Ia berharap Presiden Joko Widodo dapat memberikan rekomendasi kepada Ketua MA untuk menindak bawahannya yang tersangkut kasus korupsi. Presiden sebagai kepala pemerintahan punya wewenang karena institusi MA menjadi bagian yang menjalankan fungsi yudikatif di pemerintahan.

Apalagi selama ini, lanjut dia, institusi peradilan khususnya MA dan lembaga peradilan di level bawah telah menjadi sorotan masyarakat dan media. Sehingga perlu adanya sikap Presiden untuk memperbaiki citra lembaga peradilan di Tanah Air.

Hal yang sama diungkapkan peneliti pada Pusat Kajian Anti Korupsi Fakultas Hukum Universitas Gajah Mada (Pukat UGM) Zaenur Rohman. Dia mengatakan, kasus yang menimpa Hasbi Hasan bukan pertama kali terjadi.

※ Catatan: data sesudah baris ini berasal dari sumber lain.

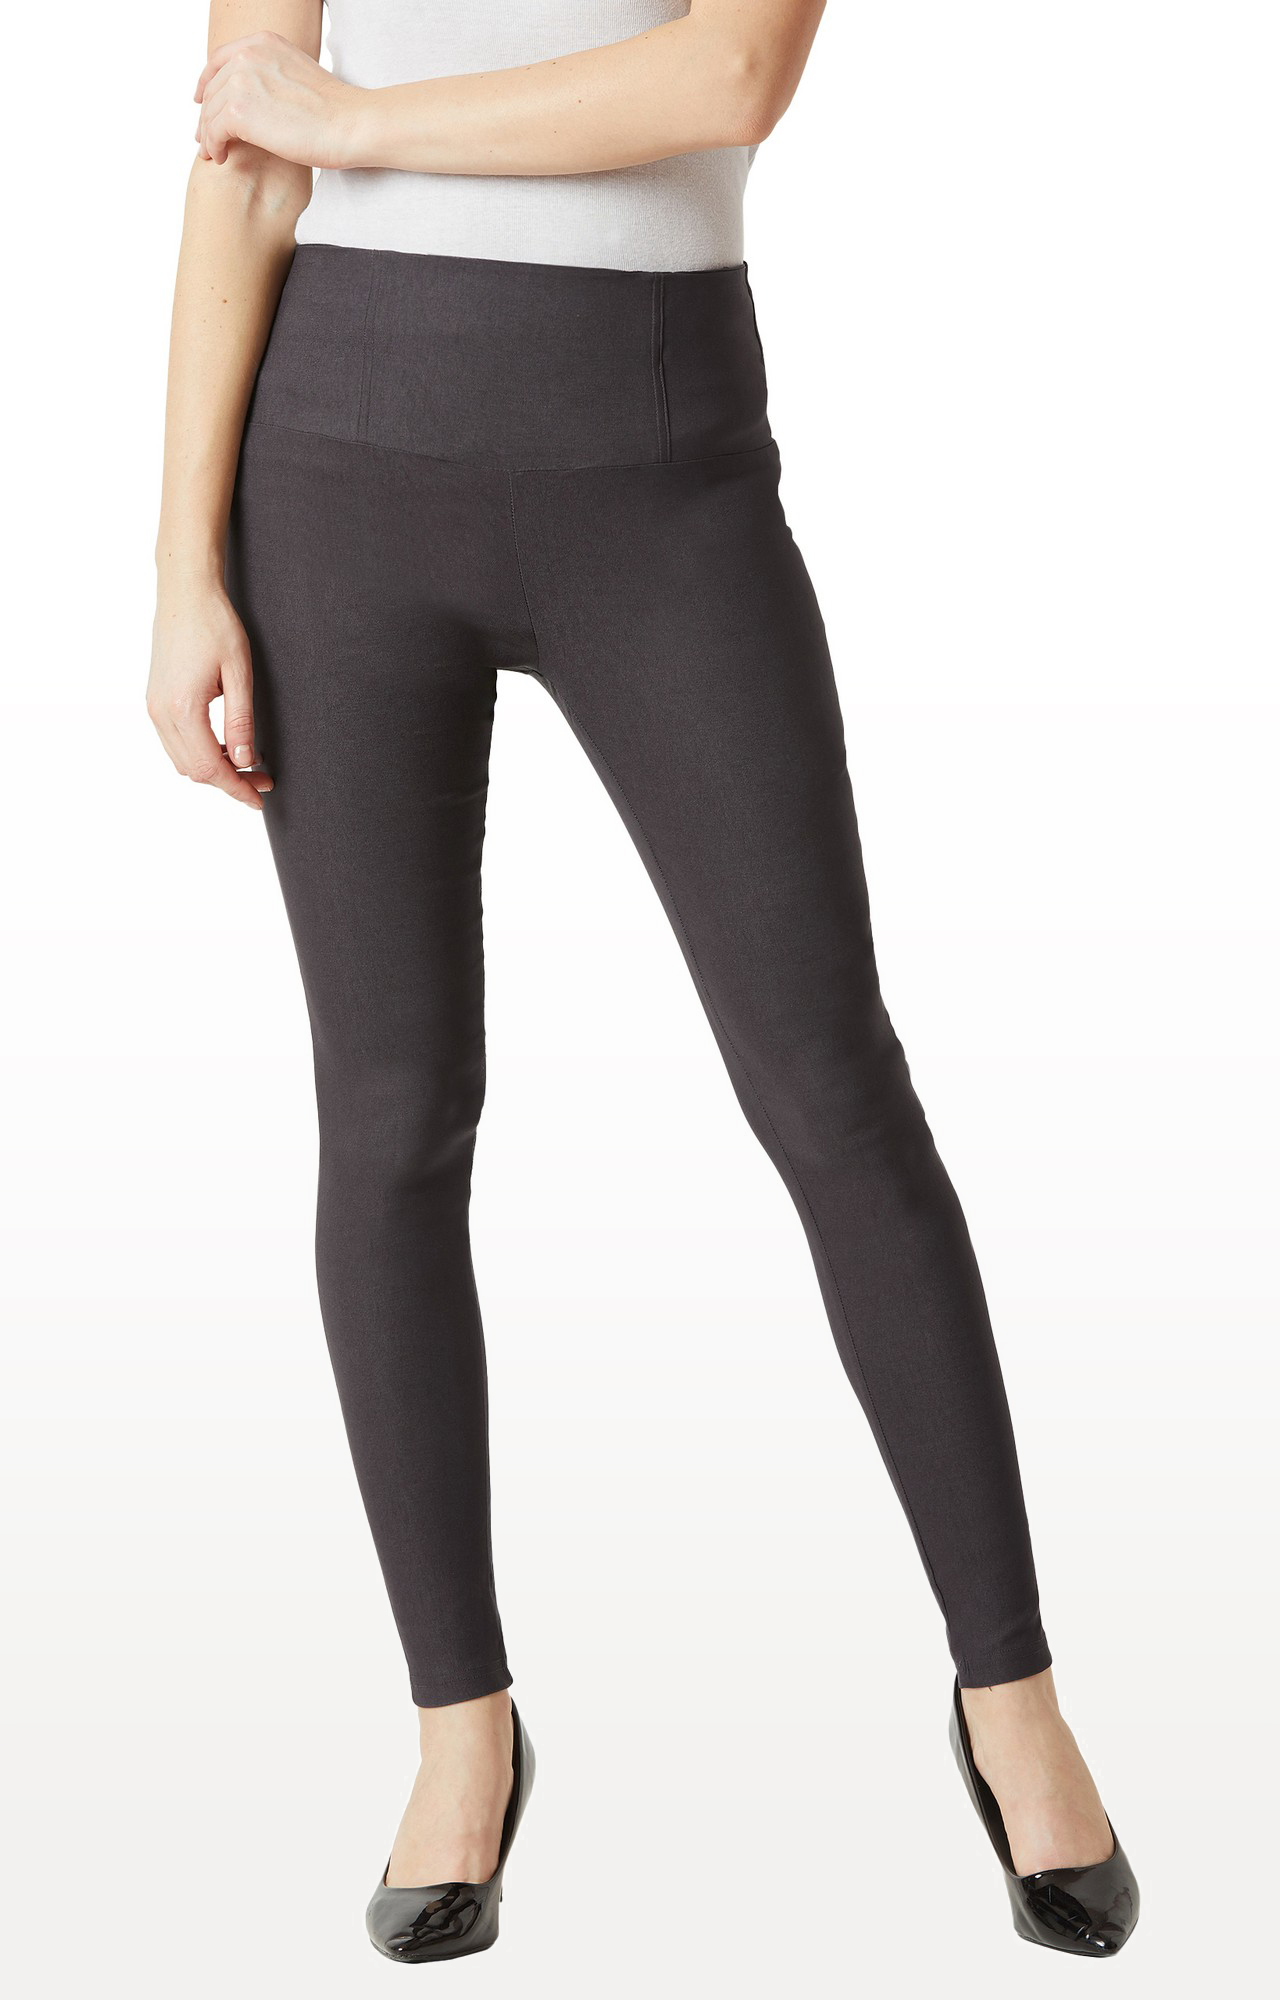 MISS CHASE | Dark Grey Solid High Waist Regular Length Patch Pocket Jeggings

Menurut dia, penyimpangan juga pernah terjadi pada sejumlah hakim agung, sekretaris, dan sejumlah pegawai MA. Hal ini mengesankan adanya keterlibatan di semua level dengan berbagai posisi jabatan dalam kasus jual beli perkara. “Ini menunjukan telah terjadi kerusakan moral secara sistemik. Sudah seperti kanker yang menggerogoti tubuh MA,” kata Zaenur.

Dia menduga penyebab dari berulangnya kasus di internal MA disebabkan oleh faktor culture atau kebiasaan. Terjadinya kasus gratifikasi serta jual beli perkara menunjukan seakan menjadi budaya yang sudah berlangsung sejak lama.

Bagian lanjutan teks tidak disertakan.